"Haverá aprofundamento da crise
mundial?"
Economista Manuel Enriquez Garcia *
A crise financeira internacional, iniciada em 2007, afetou
consideravelmente os bancos hipotecários, tanto nos
Estados Unidos da América quanto na zona do Euro.
Inúmeras medidas de política econômica foram tomadas
com o objetivo de se evitar uma quebra generalizada de
bancos. Nos Estados Unidos da América o governo contou
com o Federal Reserve System para dotar de liquidez o
sistema bancário americano. Na Europa, entretanto,
devemos lembrar que os países abriram mão de seus
bancos centrais e delegaram ao Banco Central Europeu a
incumbência de dar liquidez às transações econômicas na
região, mas não aos bancos.
Assim, quando a crise atinge os bancos hipotecários da
Irlanda, de Portugal, da Grécia e da Espanha, os
respectivos governos somente podem lançar mão do único
instrumento da política econômica disponível, qual seja o
aumento no endividamento soberano para dar liquidez a
seus bancos, de passagem, o instrumento mais ineficaz
para debelar a crise.
O efeito perverso do endividamento soberano pode ser
melhor observado se tomarmos como exemplo a Espanha.

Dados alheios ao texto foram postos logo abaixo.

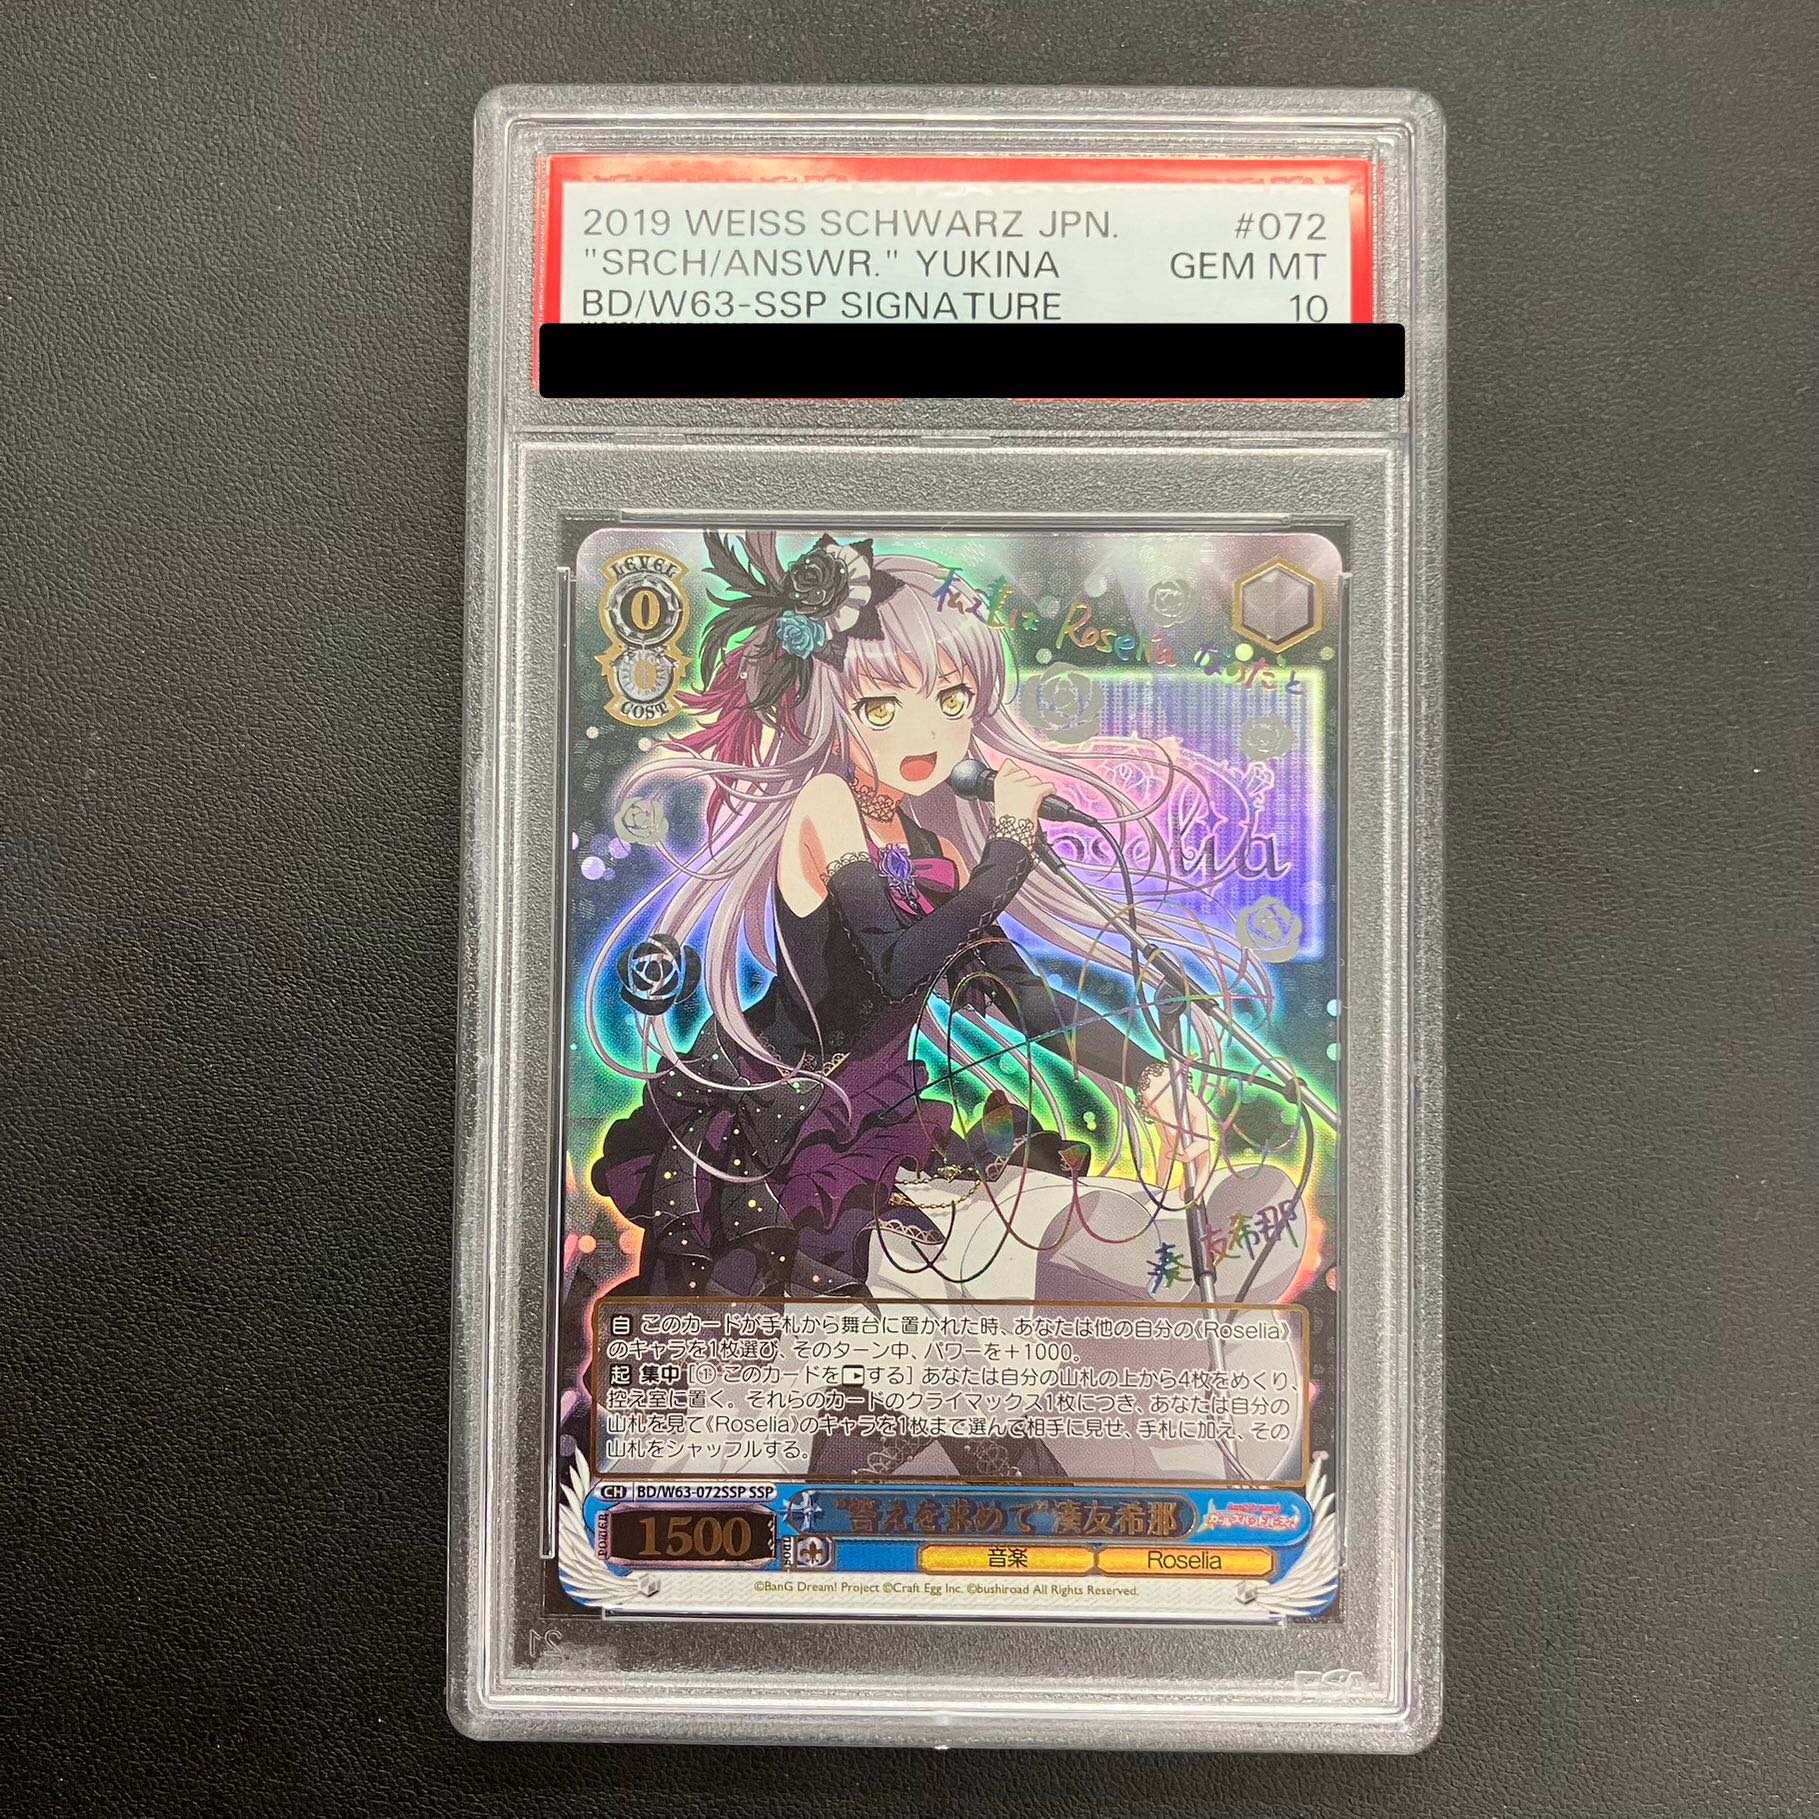 PSA10] "In Search of the Answer" Yukina Minato (Signed) SP BD/W63-072SPb

Em 2007 a dívida soberana da Espanha se situava em 35%
do PIB, porém ao ajudar os bancos hipotecários a dívida
pulou para cerca de 85% do PIB, em 2012; a taxa de juros
paga em 2007 estava em torno de 1,6% ao ano, porém,
com o aumento do risco, os investidores passaram a exigir
taxas que alcançaram 7,5%, em meados de 2012. Como
se pode notar, para honrar o pagamento dos juros o
governo passou a efetuar cortes nas áreas sociais, afetando
conquistas que os trabalhadores haviam obtido desde que o
país voltou à democracia em 1977.
A crise na zona do Euro parecia ter preservado a Alemanha,
uma vez que a maior potência europeia vinha crescendo
nos últimos anos: em 2010 o PIB cresceu 4,2%, em 2011 a
variação percentual foi de 3%. Entretanto, segundo
Relatório do Bundesbank a economia alemã está
encolhendo muito rapidamente em 2012 e espera-se um
crescimento do PIB em torno de 0,7% neste ano. O
Bundesbank aponta como responsáveis pela perda de
dinamismo da economia alemã, de um lado, o moderado
crescimento dos Estados Unidos da América e, de outro, a
continuidade da desaceleração da economia da zona do
Euro bem como, o menor crescimento que está sendo
registrado pela China, em países da Europa Central e na
Rússia.
Diz o Bundesbank que a economia alemã registrou um
crescimento de apenas 0,2% no terceiro trimestre de 2012
e que deverá apresentar um crescimento ainda menor no
último trimestre de 2012. Ou seja, o cenário que se
vislumbra remete para um aprofundamento da crise na
zona do Euro, isto porque a maior potência econômica
europeia está também sendo envolvida pela crise
econômica mundial.
Tanto na Espanha quanto em Portugal, Grécia e Itália os
trabalhadores têm saído às ruas reclamando da política de
cortes sociais levada a cabo pelos respectivos governos.
Alegam que existem ouras alternativas de política
econômica e que os governantes devem utilizá-las. Os
sindicatos, por sua vez, em suas ações parecem indicar que
uma delas seria o calote generalizado na dívida soberana.
Esta, contudo, não é uma boa alternativa, pois ela foi
aplicada em 1982 e 1986 no Brasil e a economia brasileira
permaneceu estagnada até meados dos anos noventa.
Alternativa mais plausível, mas que não conta com as
simpatias do governo alemão, se constitui na possibilidade
do Banco Central Europeu comprar dívida soberana, neste
momento da Espanha, um total que beira duzentos bilhões
de euros no curto e médio prazo.
Do nosso ponto de vista, a melhor alternativa se constitui
em um grande acordo nacional, em cada um dos países
envolvidos. Devemos lembrar que logo após a ditadura
militar, em 1977, a Espanha realizou um pacto social,
conhecido como “Pacto de Moncloa”, que abriu o caminho
para o crescimento econômico do país no médio e longo
prazo: de um lado, os trabalhadores abriram mão de
reajustes salariais acima das taxas de inflação e de outro,
os empresários se comprometeram a investir na
modernidade de suas empresas. Apesar das desavenças
existentes entre os partidos políticos na Espanha
acreditamos que é possível uma conciliação nacional que,
de um lado, evite o separatismo de regiões e, de outro,
aplaine o caminho para que a dívida soberana, em relação
ao PIB, decline no médio e longo prazo.